What you will do – The expected output is each line from the one containing "2023 Fall Seminar Flyer Screenshot" to the last line of the data below, set down exactly, minus the pictures.

Given material –
+--
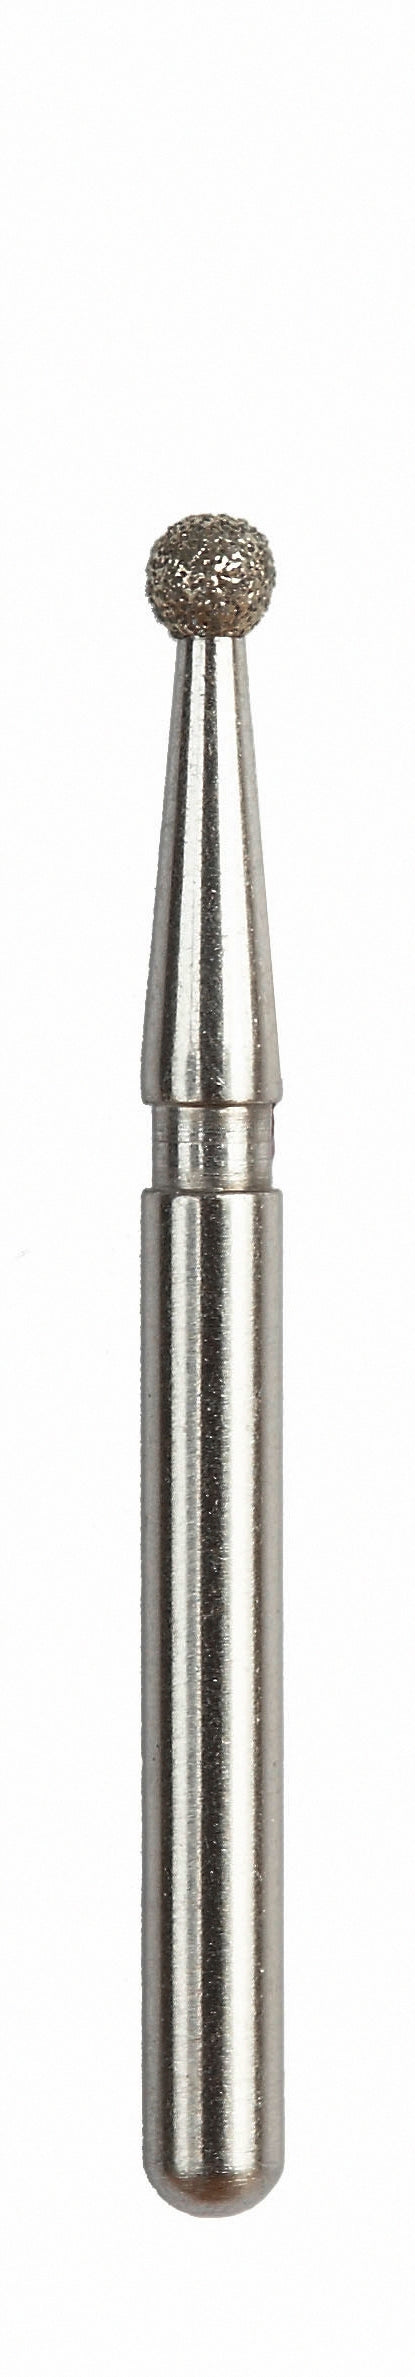 801014 Medium - Round - Cavity Prep Bur - Diamond Coated (Pack of 6)
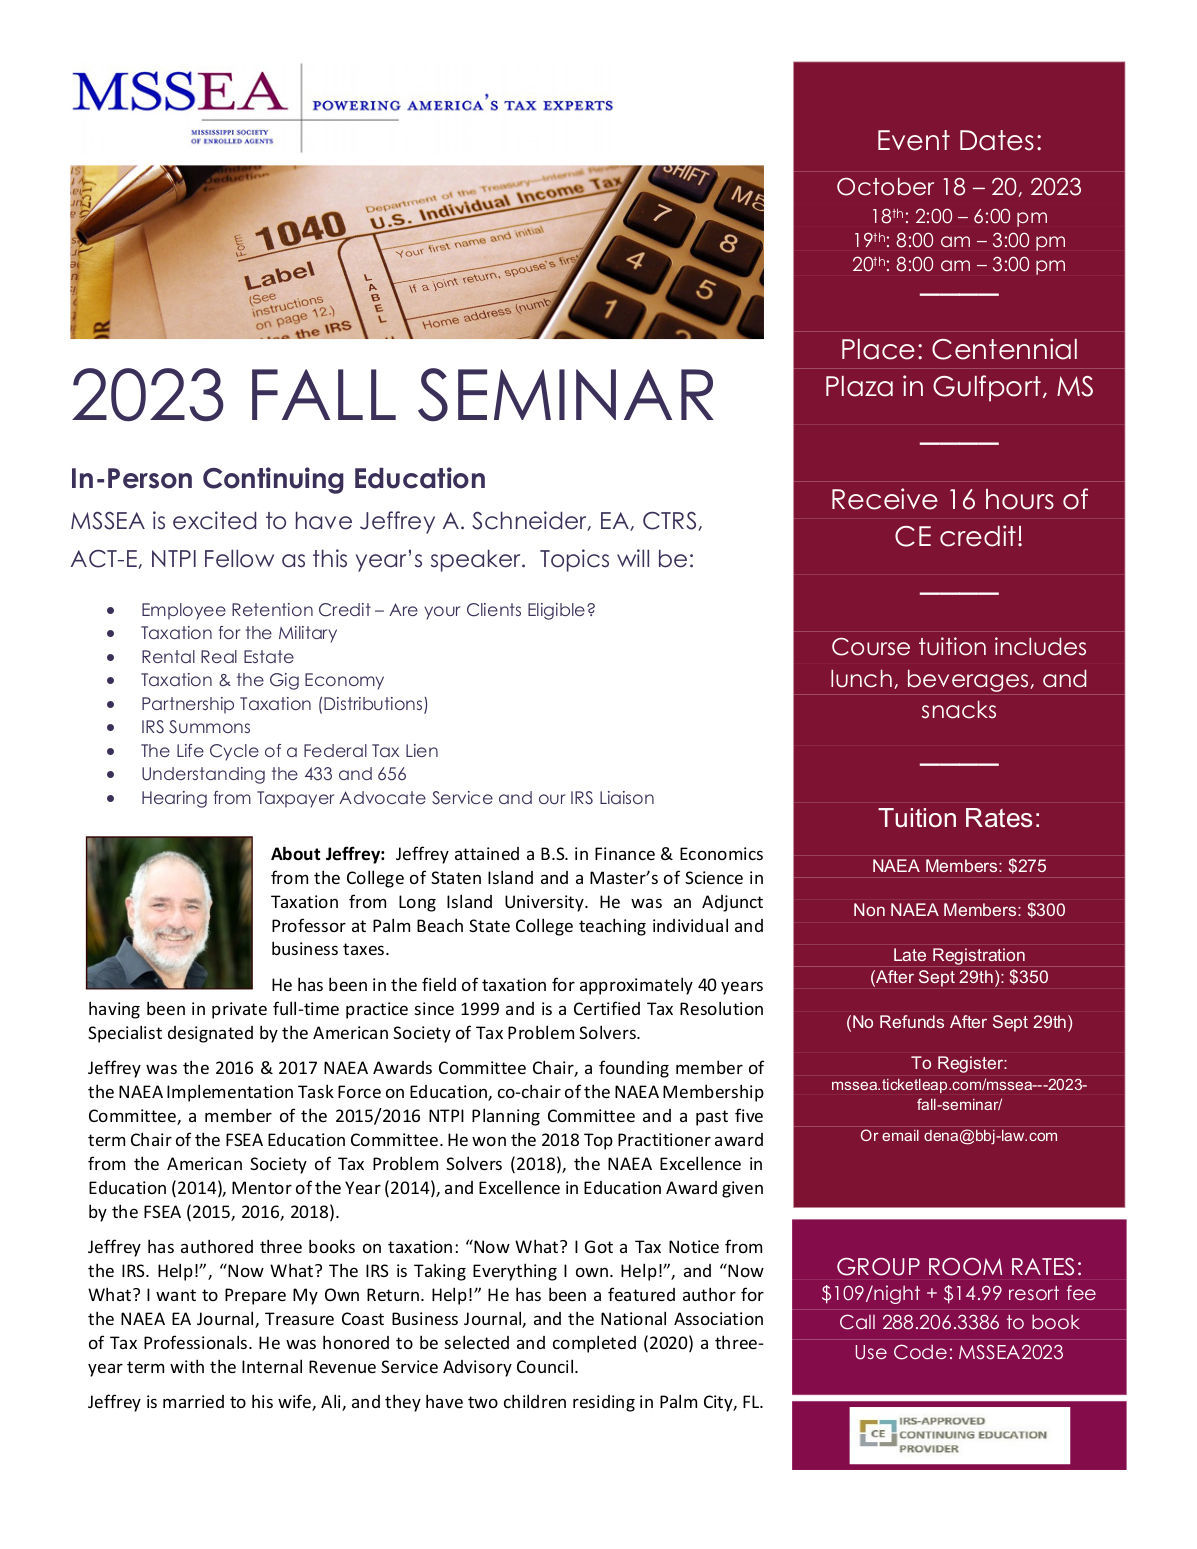 2023 Fall Seminar Flyer Screenshot
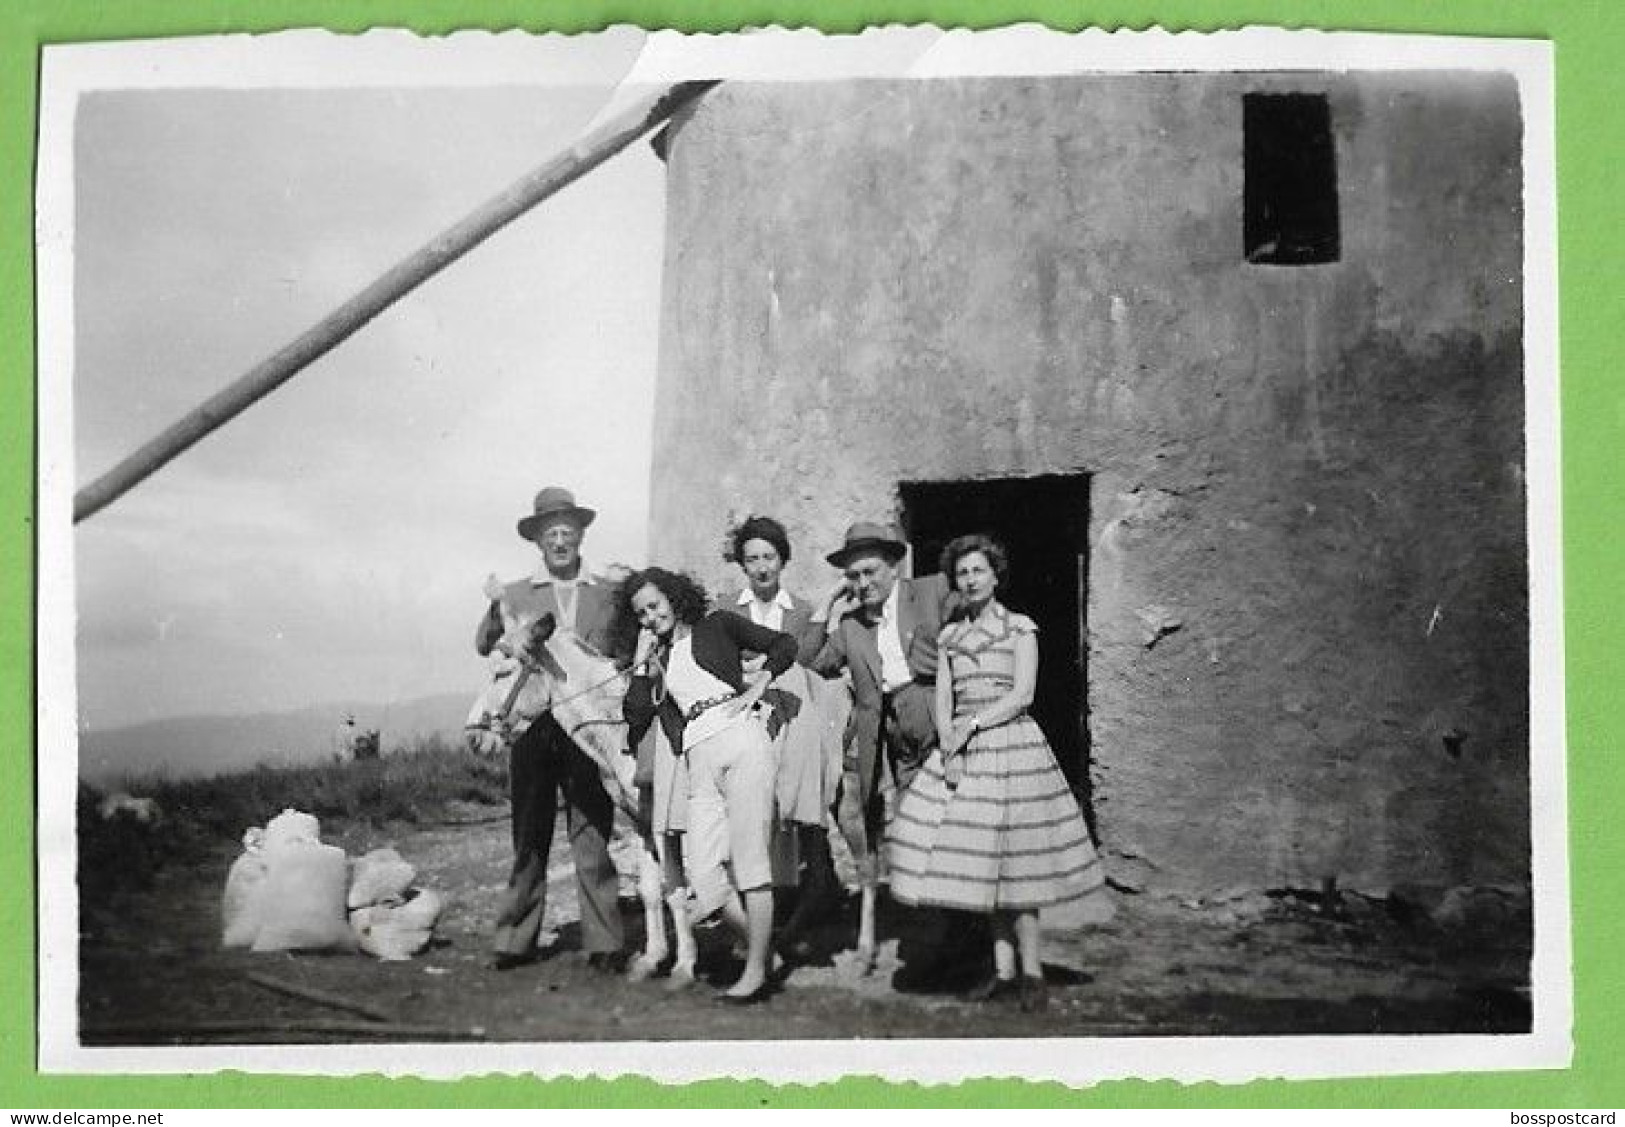 Luso - Buçaco - REAL PHOTO - Moinho De Vento, 1957 - Molen - Windmill - Moulin - Portugal - Moulins à Vent
+--
Exercise answer –
 2023 Fall Seminar Flyer Screenshot
 Luso - Buçaco - REAL PHOTO - Moinho De Vento, 1957 - Molen - Windmill - Moulin - Portugal - Moulins à Vent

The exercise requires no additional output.